As a final summary of ChIP region annotation, CEAS draws a pie chart of how ChIP regions spread over the categories. If ChIP regions do not fall into any of the categories, they are considered to be `distal intergenic'.

Gene-centered annotation
Identifying genes associated with ChIP regions is important to infer the direct regulatory gene targets of the binding factor of interest. CEAS provides the distances to the centers of the nearest ChIP regions upstream and downstream of every RefSeq gene's TSS, allowing biologists to determine the potential target genes of the binding factor based on the distances. Moreover, in case that a broad ChIP peak covers the whole or part of a gene body, it is useful to know how much of the gene, including its promoter or downstream, is occupied by the ChIP region in addition to how far the TSS of the gene is from the ChIP region center. To this end, CEAS divides every gene into three equal fractions and, for each fraction, calculates the percentage of the area covered by ChIP regions. It also estimates the percentages of the promoter and downstream of the gene (3kb upstream of TSS and downstream of TTS by default) that are covered by ChIP regions. The results are saved as a tab-delimited text file with XLS extension for easy Excel visualization, which contains a row of annotations for every RefSeq gene.

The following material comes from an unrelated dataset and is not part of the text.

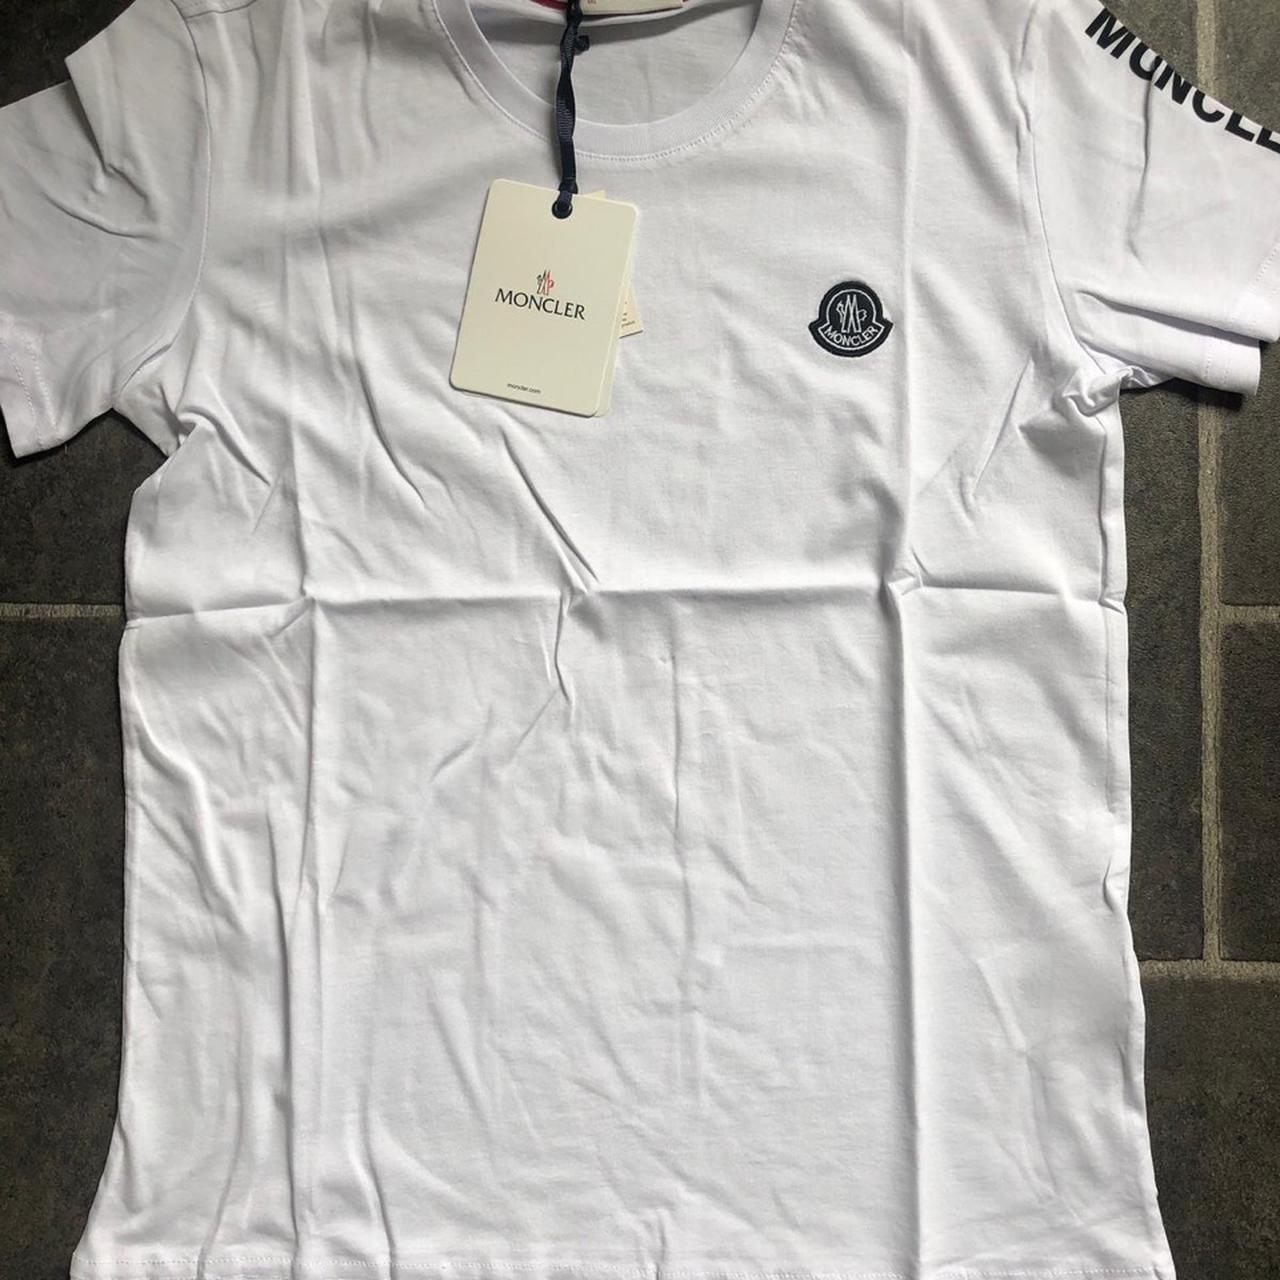 Louis Vuitton Half and Half Galaxy T-Shirt available - Depop
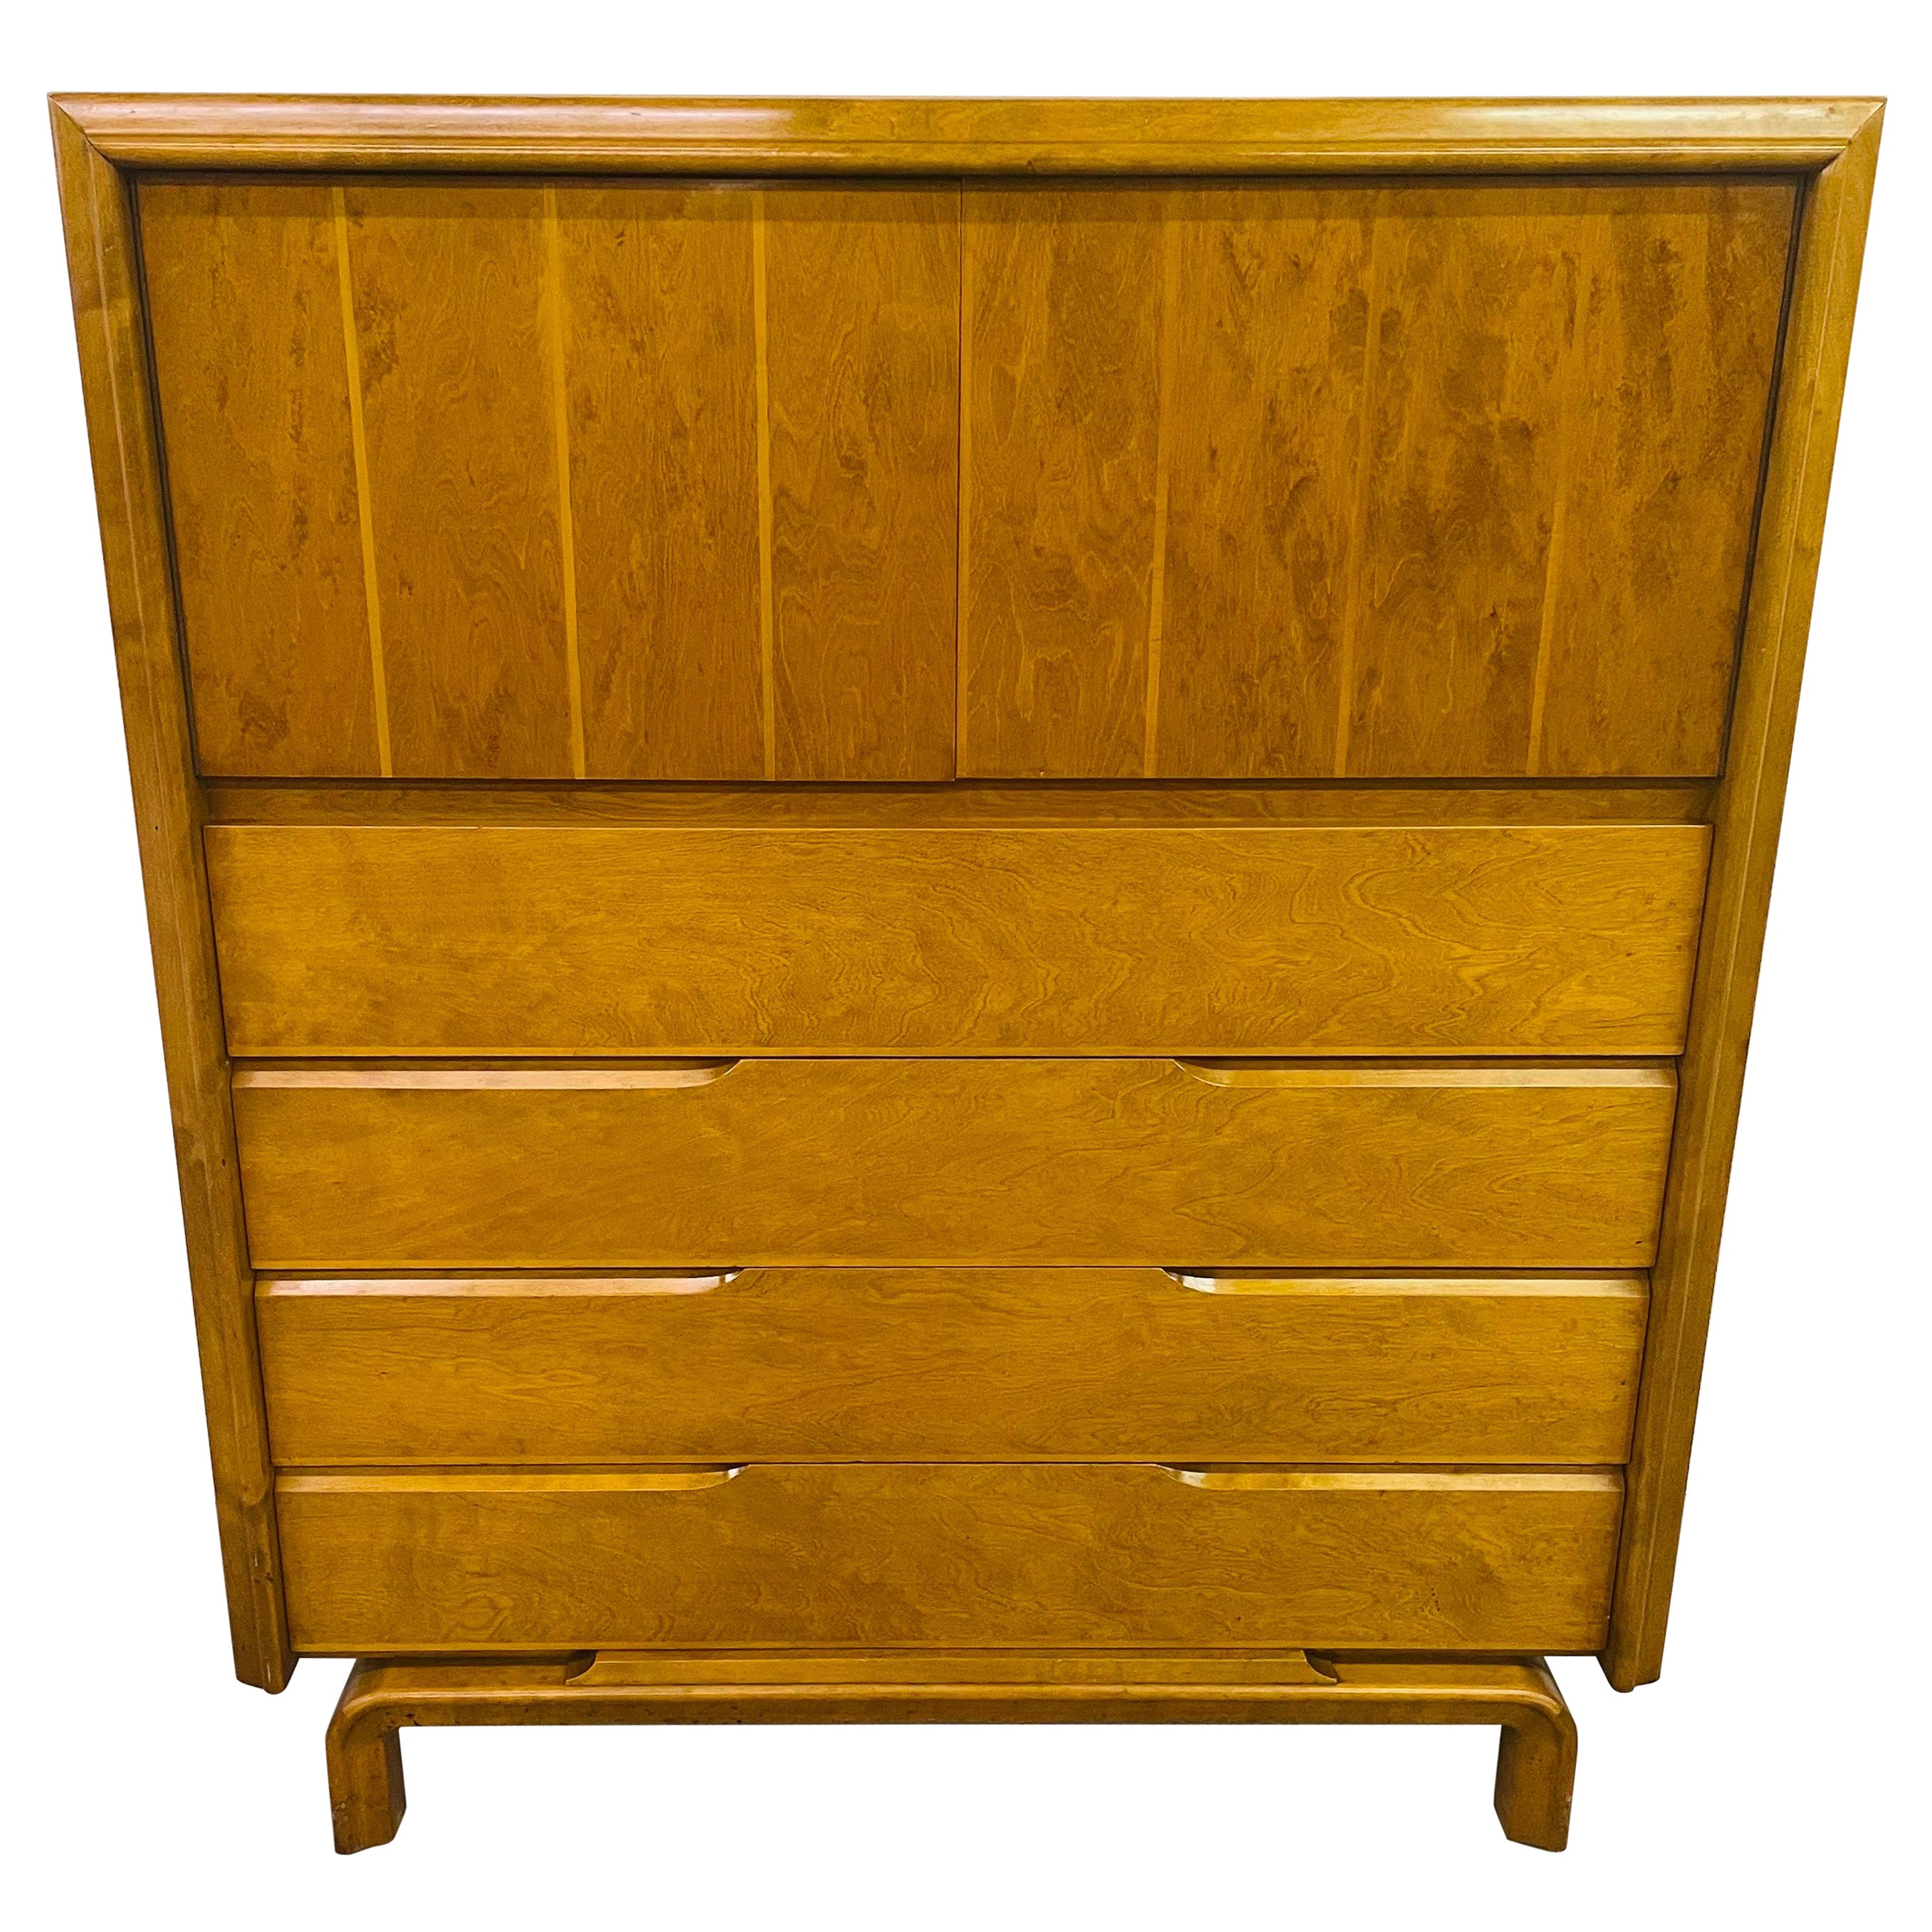 Mid-Century Edmond Spence Champagne High Chest

Average signal profiling within/near important genomic features
Since ChIP region and gene-centered annotation operate on discrete ChIP regions identified by a peak-calling algorithm, some subtle binding patterns may fail to be captured, depending on the cut-off of peak calling. Therefore, CEAS displays continuous ChIP enrichment signal within/around important gene features to help biologists visualize the average binding patterns. It draws the average signals around TSS and TTS in a user-defined range (+/- 3kb from TSS and TTS by default). In addition, CEAS gives average signals on meta-gene, meta-concatenated-exon, meta-concatenated-intron, meta-exons and meta-intron, where the prefix `meta' indicates that every element (e.g every gene) is normalized residing within the above categories are obtained, they are compared against the genome background percentages for those to have the same length (e.g., 3kb for meta-gene). The difference between meta-concatenated-exon and meta-exons is that the first concatenates all exons of a gene before calculating the average gene (like a meta-cDNA) profile, whereas the latter calculates the average exon profile of all exons. These plots allow biologists to gain insight on how ChIP enrichment varies over the gene body (or exons and introns). CEAS provides an additional function of drawing the average ChIP signals of multiple sub-groups of genes (e.g. up vs. down genes), allowing the user to compare between the gene groups. In addition, we provide a separate script, named `sitepro', in our CEAS package, which draws the average signal (from a WIG) in a given list of sites of interest (from a BED). This script enables biologists to visualize the average signals in any arbitrary regions (e.g. transcription factor binding sites) in addition to the pre-defined genomic regions.

Outputs

CEAS generates two files as output. The R file contains the script to generate the graphical results of ChIP region annotation and average signal profiling within/near important genomic regions. If R can be directly called in the same environment as Python, CEAS generates an R script and its PDF file. CEAS writes the result of gene-centered annotation in a tab-delimited txt file with XLS extension for easy XLS visualization.

R script
The user can obtain the PDF of graphical results by typing the following on the command line.

$ R --vanilla < file.R

, where file.R stands for the R script produced by CEAS. As a result of running the R script, file.pdf will be generated. This step is included in CEAS if R can be directly called in the same environment as Python. XLS file
CEAS generates a tab-delimited TXT file with XLS extension for gene-centered annotation. See Example use for a detailed description of the XLS file.

Easy run

If the user wants to run CEAS in the default mode, simply type on the command line:

$ ceas -g gdb -b bed -w wig

where gdb, bed, and wig stands for a sqlite3 file with a gene annotation table and genome background annotation, a BED file with ChIP regions, and a WIG file with ChIP enrichment signal file, respectively.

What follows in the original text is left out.